4. Ignoring Type Safety in Metadata Pipelines

Explanation: Importing raw JSON without validation allows malformed entries to crash the UI or produce silent sorting bugs. Fix: Use Zod or TypeScript interfaces to validate the JSON schema at build time. Fail the build if required fields (contextTokens, capabilities) are missing or malformed.

5. Stale Data in Static Builds

Explanation: Shipping a static JSON file means the registry doesn't reflect new model releases until the next deployment. Fix: Implement a CI/CD job that fetches the latest catalog, runs the normalization script, and commits the updated JSON. Trigger deployments automatically on schema changes.

6. Accessibility Gaps in Custom Tables

Explanation: Replacing native HTML tables with div-based layouts breaks screen reader navigation and keyboard focus management. Fix: Use semantic <table>, <thead>, <tbody>, and <th> elements. Ensure sort buttons have aria-sort attributes and that filter pills are focusable with proper role="checkbox" semantics.

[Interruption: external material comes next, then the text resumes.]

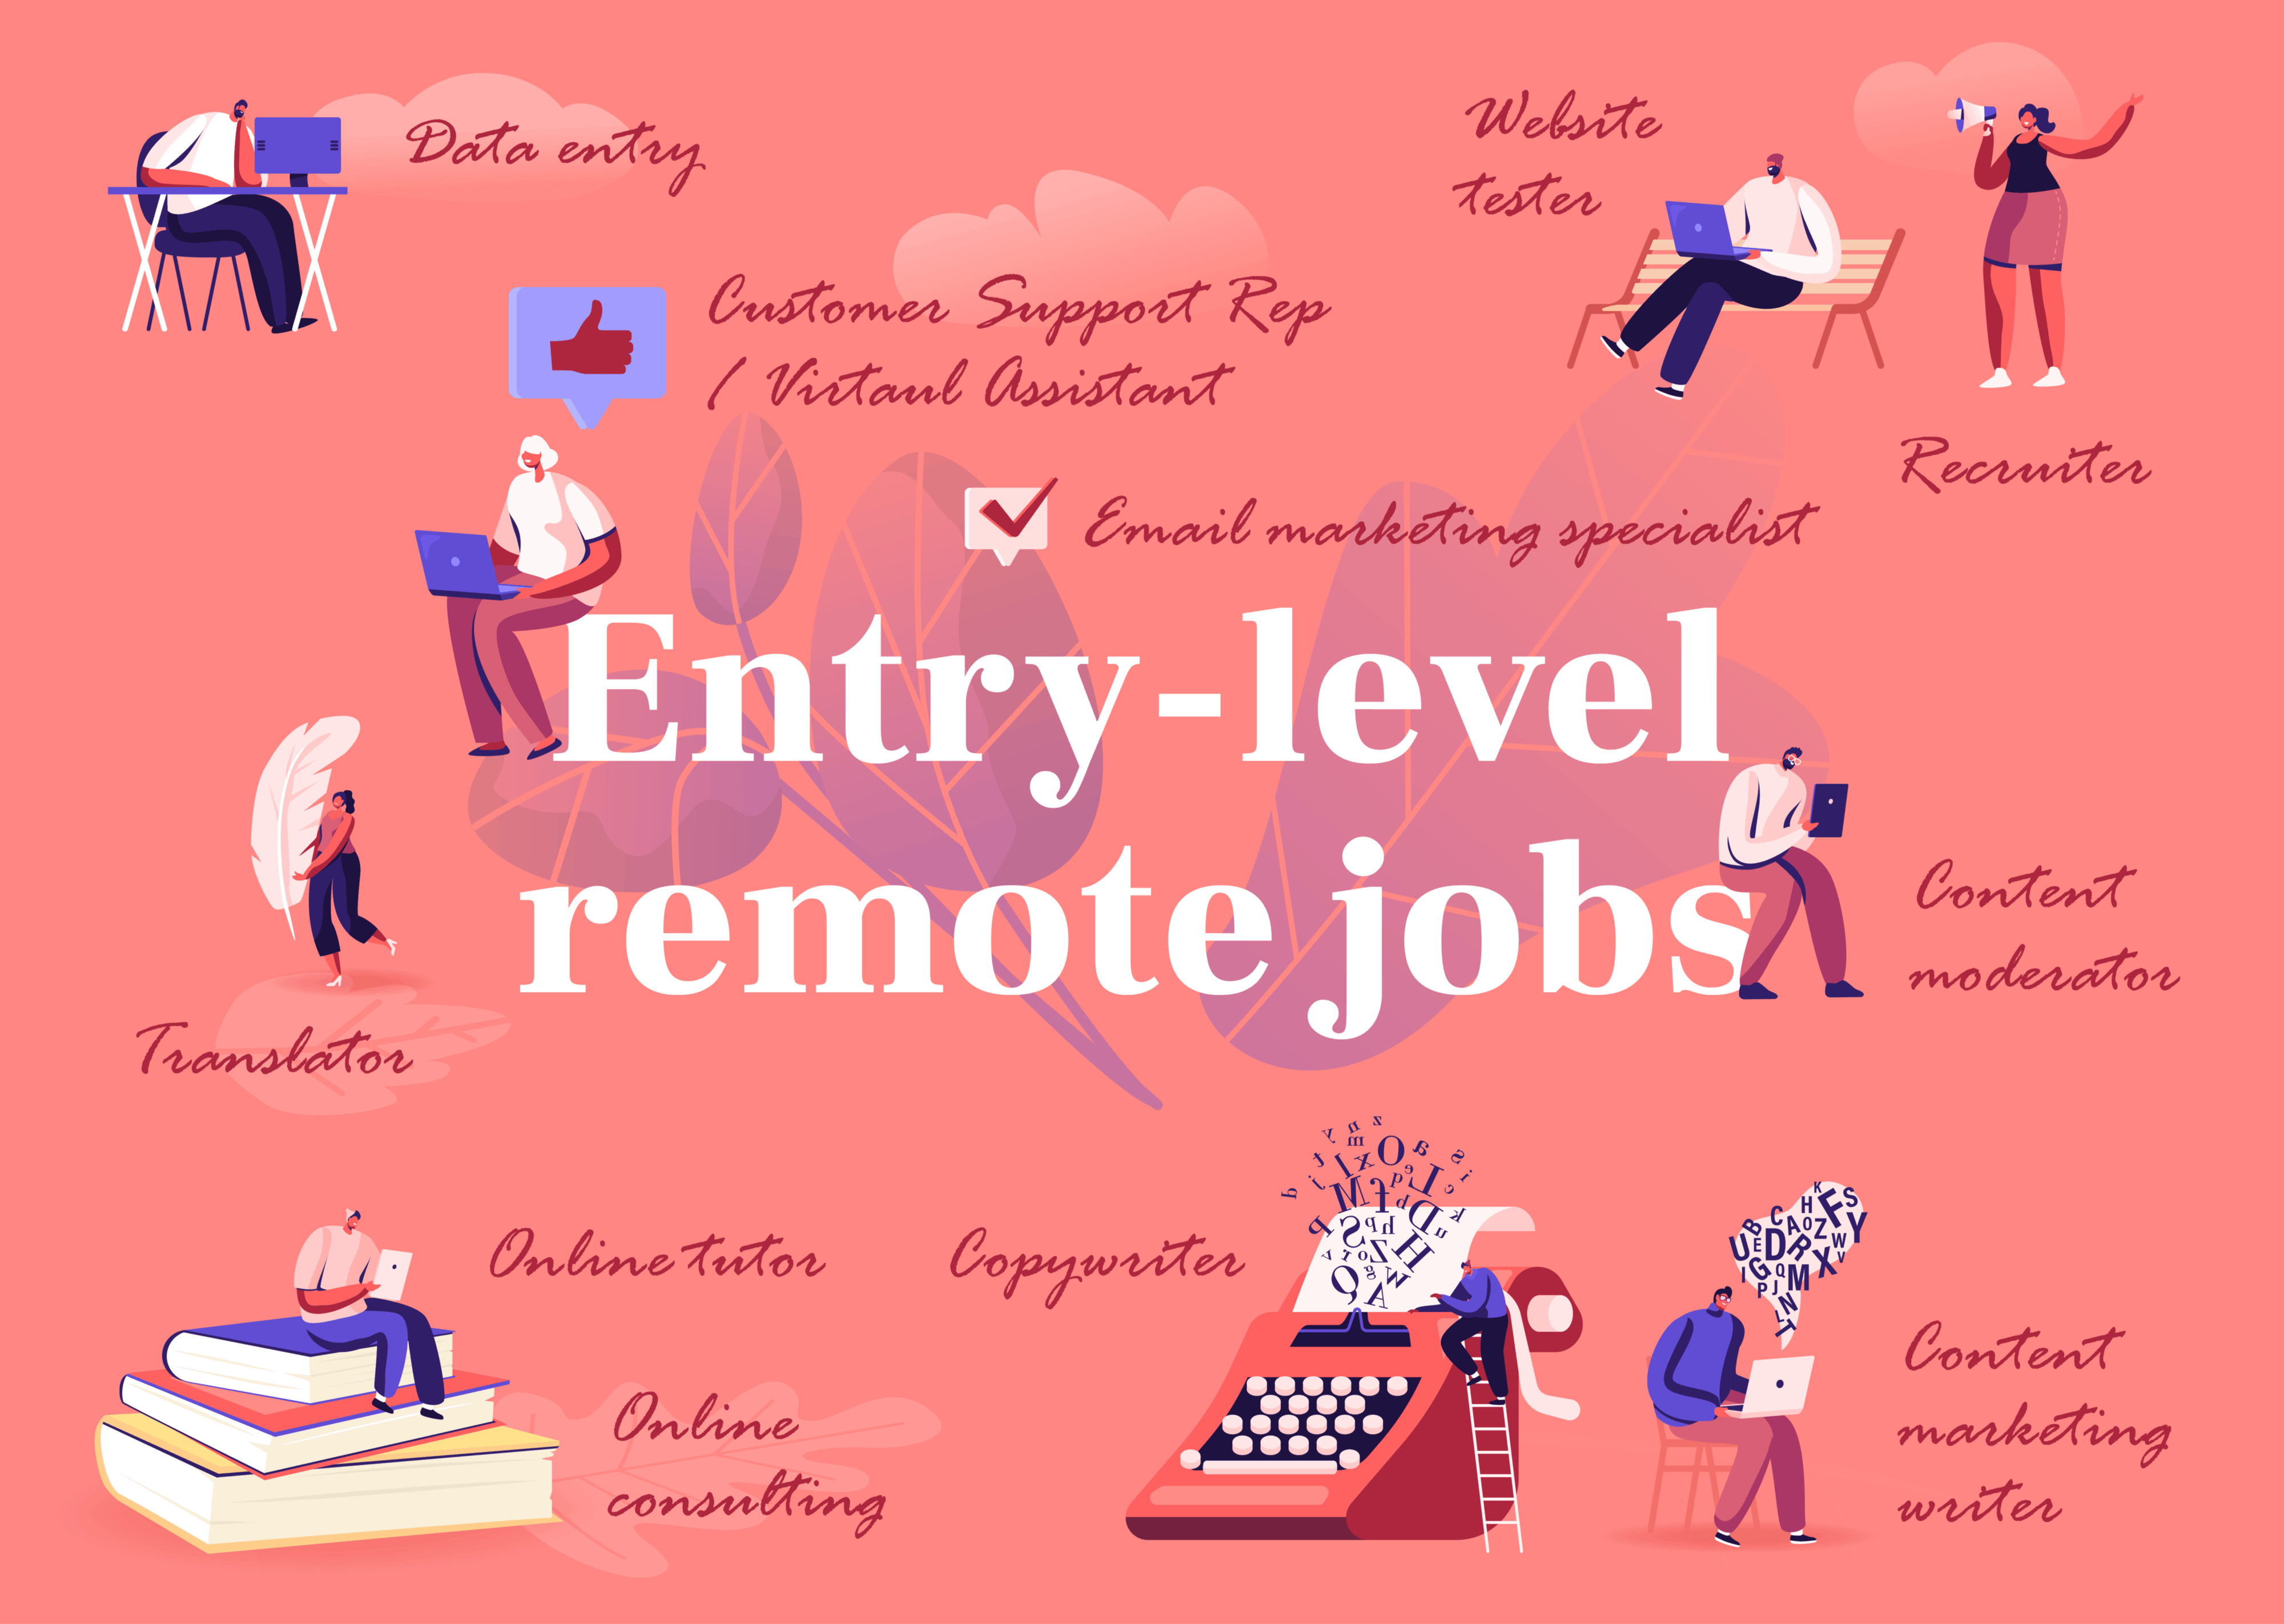 Where can I find entry-level remote jobs

7. Over-Engineering with Server-Side Filtering

Explanation: Routing filter requests through API endpoints adds latency and complexity for datasets that comfortably fit in browser memory. Fix: Keep filtering and sorting client-side for catalogs under 500 entries. Reserve server-side pagination for enterprise datasets requiring database queries or row-level security.

Production Bundle

Action Checklist

Validate JSON schema with Zod before shipping to production
Implement AND-based capability filtering using Array.every()
Normalize context windows and sizes to base units during build time
Wrap sort/filter logic in useMemo to prevent unnecessary re-renders
Add debounced search input to reduce state update frequency
Ensure all interactive elements meet WCAG 2.1 AA contrast and focus standards
Configure CI pipeline to refresh catalog data weekly or on tag changes
Add error boundaries around the registry component to handle malformed entries gracefully

Decision Matrix

Scenario	Recommended Approach	Why	Cost Impact
Catalog < 300 models, infrequent updates	Static JSON + client-side filtering	Zero runtime cost, instant load, predictable performance	$0 infrastructure
Catalog > 1,000 models, frequent updates	Server-side pagination + database index	Reduces payload size, enables efficient querying	Moderate compute cost
Multi-tenant registry with access control	API proxy + row-level security	Enforces permissions, isolates tenant data	Higher backend cost
Real-time benchmarking data required	Hybrid: static metadata + dynamic metrics API	Keeps discovery fast, fetches live scores on demand	Low-medium API cost

Configuration Template

// public/registry.json
{
  "version": "2024.06.15",
  "lastUpdated": "2024-06-15T08:00:00Z",
  "models": [
    {
      "id": "llama3.1:8b",
      "name": "llama3.1",
      "sizeBytes": 4900000000,
      "contextTokens": 131072,
      "capabilities": ["chat", "code"],
      "quantization": "Q4_K_M"
    },
    {
      "id": "llava:13b",
      "name": "llava",
      "sizeBytes": 7800000000,
      "contextTokens": 4096,
      "capabilities": ["chat", "vision"],
      "quantization": "Q5_K_M"
    }
  ]
}

// next.config.js
/** @type {import('next').NextConfig} */
const nextConfig = {
  output: 'export',
  trailingSlash: true,
  images: { unoptimized: true },
  // Ensures static export works with JSON imports
  webpack: (config) => {
    config.resolve.fallback = { fs: false, path: false };
    return config;
  }
};

module.exports = nextConfig;

Quick Start Guide

Initialize Project: Run npx create-next-app@latest registry-ui --typescript --tailwind --app. Install @radix-ui/react-slot, class-variance-authority, clsx, tailwind-merge, and lucide-react.
Add Data Pipeline: Create a scripts/fetch-catalog.ts file that pulls the Ollama model list, runs parseContextWindow() on each entry, and writes public/registry.json. Execute it before building.
Build Registry Component: Import the JSON file in a client component. Implement useMemo-wrapped filtering and sorting logic. Render the table using shadcn/ui components with proper ARIA attributes.
Verify & Deploy: Run npm run build to confirm static export succeeds. Test filter intersection logic and numeric sorting. Deploy to any static host (Vercel, Netlify, Cloudflare Pages) with zero configuration.